An effect of the temperature on the RA content could not be demonstrated. In 2016, the highest RA content of the control plants at both temperature settings was 2.4%, while in 2019, at the higher temperature the highest RA content was 6.9%, while in the colder chamber it was 4.4%. Regarding other environmental factors, the water supply did not affect either the RA content or the RAS gene expression level in the ‘cold’ chamber. The effect of a water shortage on the elevation of the RA content is more pronounced in warmer conditions. Previous studies demonstrated variable results regarding this topic (Németh-Zámbori et al., 2017). A short-term heat treatment (38°C for 5 h) elevated the RA content of Melissa officinalis L. (Pistelli et al., 2019). Khaleghnezhad et al. (2019) studied the RA content of Dracocephalum moldavica L. at 35°C during the flowering phase; despite the fact that the RA content increased at 35°C, the change was not significant and a further ABA treatment was needed to realize a significant increase in the RA content. The RA content of Mentha spicata L. plants decreased due to a long-term heat treatment (30°C for four weeks). Fletcher et al. (2005) suggested that heat stress negatively regulates RA biosynthesis. Dörr et al. (2019) studied Plectranthus scutellarioides L. RA content changes with different illumination systems. The use of heat-emitting lamps led to a lower total RA content, with the leaf temperature also found to be the main factor affecting secondary metabolite production. Gholamnia et al. (2022) studied the combined effect of heat and salinity on Mentha piperita L., finding that a high temperature combined with salinity decreased both the RAS gene expression level and the RA content. The effect of temperature on RAS gene expression has not been studied thus far.
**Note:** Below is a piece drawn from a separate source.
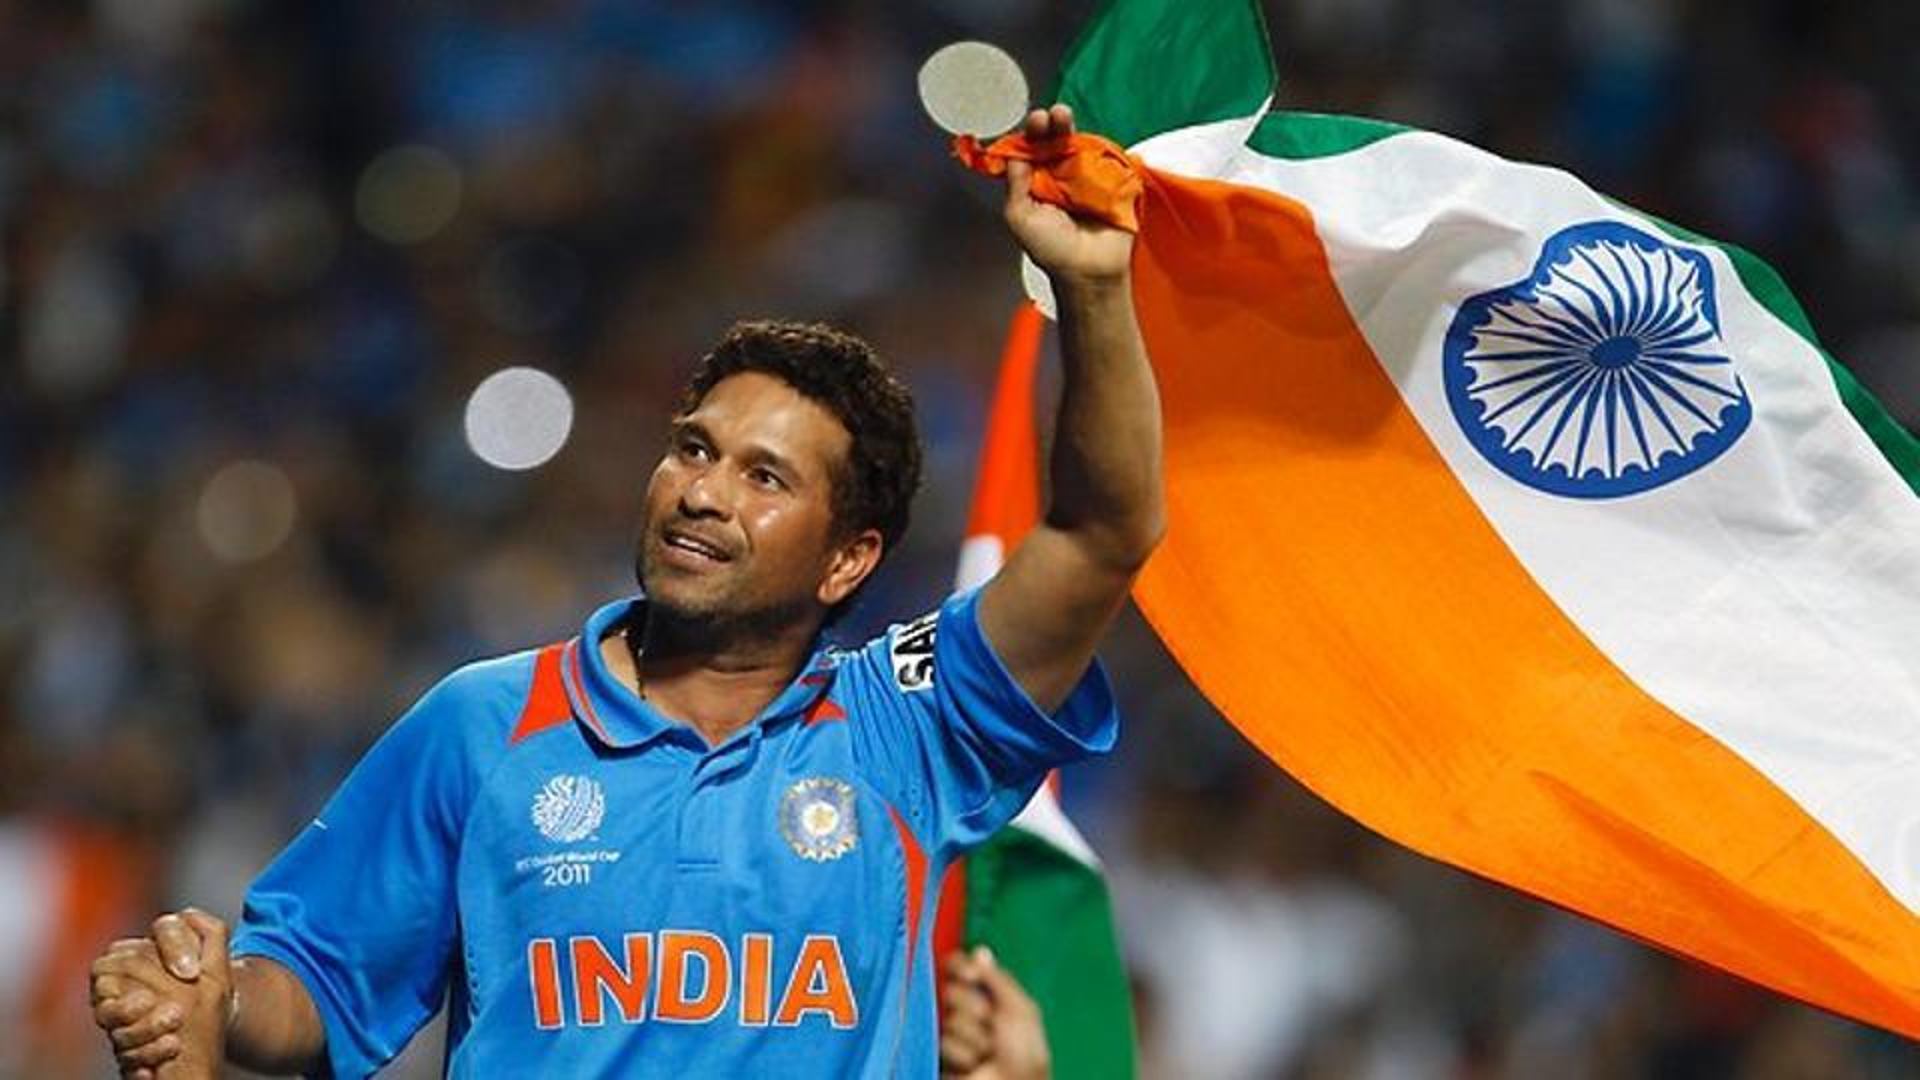 Sachin Tendulkar won his first and only World Cup in 2011 (Courtesy: BCCI/Twitter)

We found a connection between the dynamics of the RA content and the RAS gene expression level in thyme shoots. A single contradictious result was achieved in 2016 in the warm chamber at the last sampling time, where the RAS gene expression increased but the RA content decreased. A firm connection between the dynamics of the RAS gene expression and the RA content was found in 2019, when the RA content followed the RAS gene expression with a 28-day delay. In 2016, this delay was not obvious, but the connection was stronger when the RA content and RAS gene expression level were compared at the same harvest time. The only difference between the two years that may have caused the delay was the age of the plants. In 2016, young, eight-month-old plants were used, while in 2019, perennial plants were used for the experiment. The older plants produced 1.6–4.9-fold more RA compared to the eight-month-old plants. In this case, we would assume that the older plants reacted more slowly but more intensely to the water shortage. RAS is the key enzyme of the RA biosynthesis, catalyzing one of the last steps of the pathway (Petersen and Simmonds, 2003). The correlation between the RA content and RAS gene expression may confirm the central role of RAS in the biosynthesis step. This correlation was demonstrated previously in Melissa officinalis L. cell cultures (Weitzel and Petersen, 2011). Stafiniak et al. (2021) also discovered a high correlation in the roots of Salvia abrotanoides and S. yangii, suggesting transcriptional RA biosynthesis regulation in which a high gene transcript level results in a high accumulation rate of RA. For leaves, they found variable results, concluding that the mechanism may be more complex and may include the presence of different RAS isoforms or transcription-independent mechanisms. Several factors, such as the long-distance transport processes of secondary metabolites, the putative isomorphs properties, and the rate of the accumulation and degradation of RA and its precursors may allow us fully to understand the mechanism of RA accumulation. This mechanism may also show some differences in certain target species.
In our study, we demonstrated that the connection between the expression of the RAS gene and the RA content in thyme showed differences depending on the year and on other circumstances in this study, particularly the temperature or plant age. Therefore, a very clear and straight connection could not be proved, suggesting that the above considerations of additional mechanisms in this pathway may be significant and are thus worthy of examination in the future.